Gelelim oyunun bizde açtığı pencereye.
Oyun sonrası dostumla hasret giderme, yeni insanlar tanıyıp arkadaşlar edinme olanağı olunca geç saate dek beraber zaman geçirince hemen uyumuştum. O gecenin sabahında, kahvaltı sırasında süreç başladı. Geçmişinde tiyatro oyunlarında rol alma, oyun müziği besteleme, sahne tozunu bol bol yutma, tiyatroyu ilgi alanları arasında apayrı bir yere koyup efsaneleşen oyunları neredeyse çocukluk yaşlarından itibaren izleme deneyimleri olan bir kişiyle baş başa, evimizin mutfağında olmanın rahatlığıyla başladı. Onunla oyun üzerine sohbet etme şansına sahip olunca bu şansı değerlendirmemek olmazdı. Ancak az önce saydığım her bir alan için hem mahrum olma hem imrenme duyguları taşıdığımdan önce konunun çevresinde dolaşmaya karar verdim: “Uzun zamandır bir etkinliğe katılamamıştık. Ne iyi oldu, değil mi?” dedim. Elbette birden “E, dün akşamki oyunu nasıl buldun?” diyemezdim. Diyebilirdim tabii, ama o zaman niyetim hemen anlaşılırdı. Anlaşılsın, ne olacak; kötü bir niyetim mi vardı sanki? Kötü değildi, ama önce ondan bilgi edinmeyi, yorumlarının üzerine düşünmeyi, kendi fikirlerimi zayıf kalacaklarından çekinerek dile getirmeye razı olmayı, bütün bunları ‘peki, ben hayalimi gerçekleştirebilecek miyim?’ iç sesimi bastırmaya çalışarak yapmayı istiyordum. Strateji kurmam bu nedenle önemliydi. En azından o andaki bakış açıma göre böyleydi. Yine de sözü fazla dolaştırmadan sözünü ettiğim konulara dalıverdik.

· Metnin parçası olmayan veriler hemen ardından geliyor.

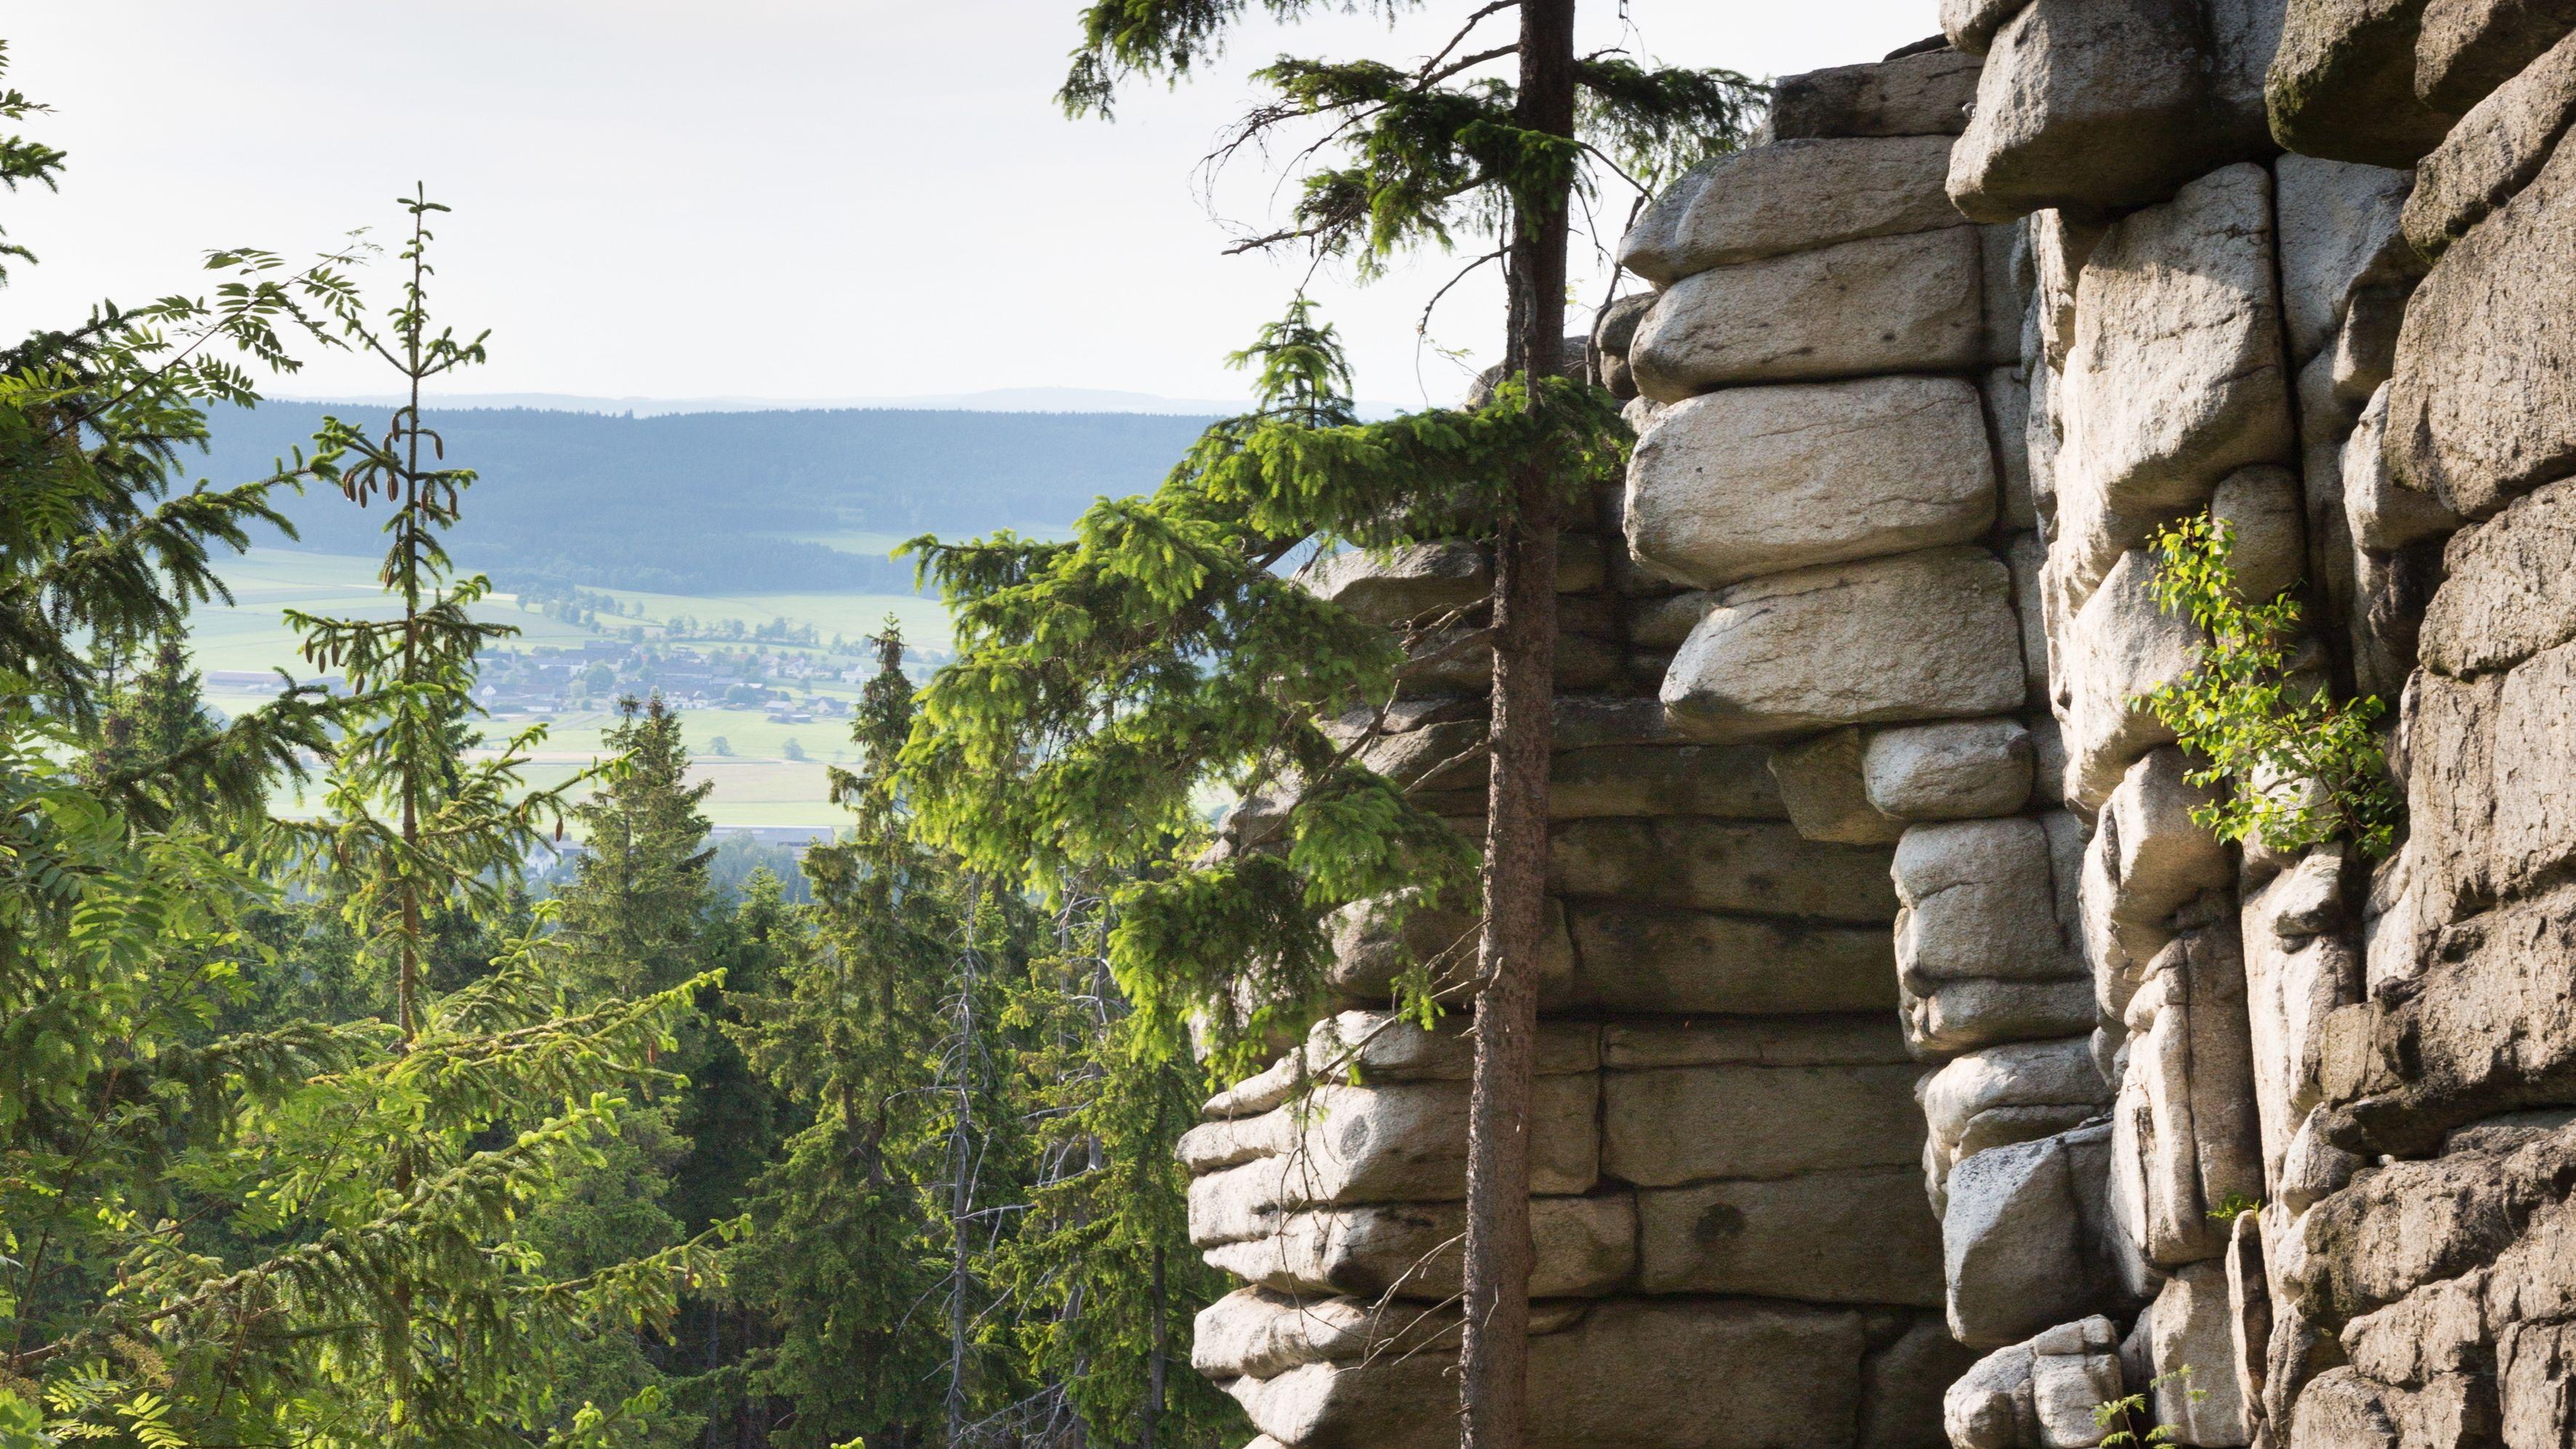 Die Drei-Brüder-Felsen im Fichtelgebirge sind nicht nur für Kletterer spannend.

Bizler çok şanslıydık. İstanbul’da yetişmek ve sanatçıların çokça yetiştiği bir okulda okumak eşimin şansı olsa da benim izleme olanağı bulduğum hatırı sayılır oyunlar vardı. Müşfik Kenter’den “Bir Garip Orhan Veli”, Yıldız Kenter’den “Ben, Anadolu”, Genco Erkal’dan “Bir Delinin Hatıra Defteri”, Dostlar Tiyatrosu’ndan “Bay Puntilla ile Uşağı Matti” ilk ağızda sayıverdiklerim oldu. Her biri efsane oyunlardı. Dostlar Tiyatrosu’nu Sivas’93 oyunu ile Denizli’de izledikten sonra Genco Erkal’ın izleyicilerle söyleşisini beklemiş, o sırada çevremde olup bitene doğalında dikkatim sayesinde oyun sonrası bir şeyler yemek için ekibin gideceği restoranı nasıl bulacağına ilişkin kalabalığın dışında iki kişinin kaygılı konuşmasını duyup mihmandarlık önermiştim. Beni minibüsleriyle izlerlerken oldukça karanlık izbe yollardan geçişimizin onları kaygılandırmasından çekinmiştim. Sonuçta aydınların, sanatçıların hunharca katledildiği Sivas Madımak Oteli yangınının hepimizde yaşayan dehşeti oyunun ardından tazelenmişti. Restorana vardığımızda teşekkür ederken onlara katılmamı önermeleri nasıl büyük bir sevinç ve heyecan doğurmuştu içimde. Dostların sofrasında olmak, o anıyı özgün anılar koleksiyonuma yerleştirmek büyüleyiciydi. Daha çok sayıda oyun vardı belleğimde. Biri bir anımsamaya başladım. Kimini o sabah kahvaltısında konuştuk kimini ben sonrasında bir bir belleğimin derinliklerinden çağırdım. Ortak geçmişi aynı dönemde benzer kültürel ögeleri deneyimlemekle kuran insanların güçlü bağını hissettirdi bunları konuşmak.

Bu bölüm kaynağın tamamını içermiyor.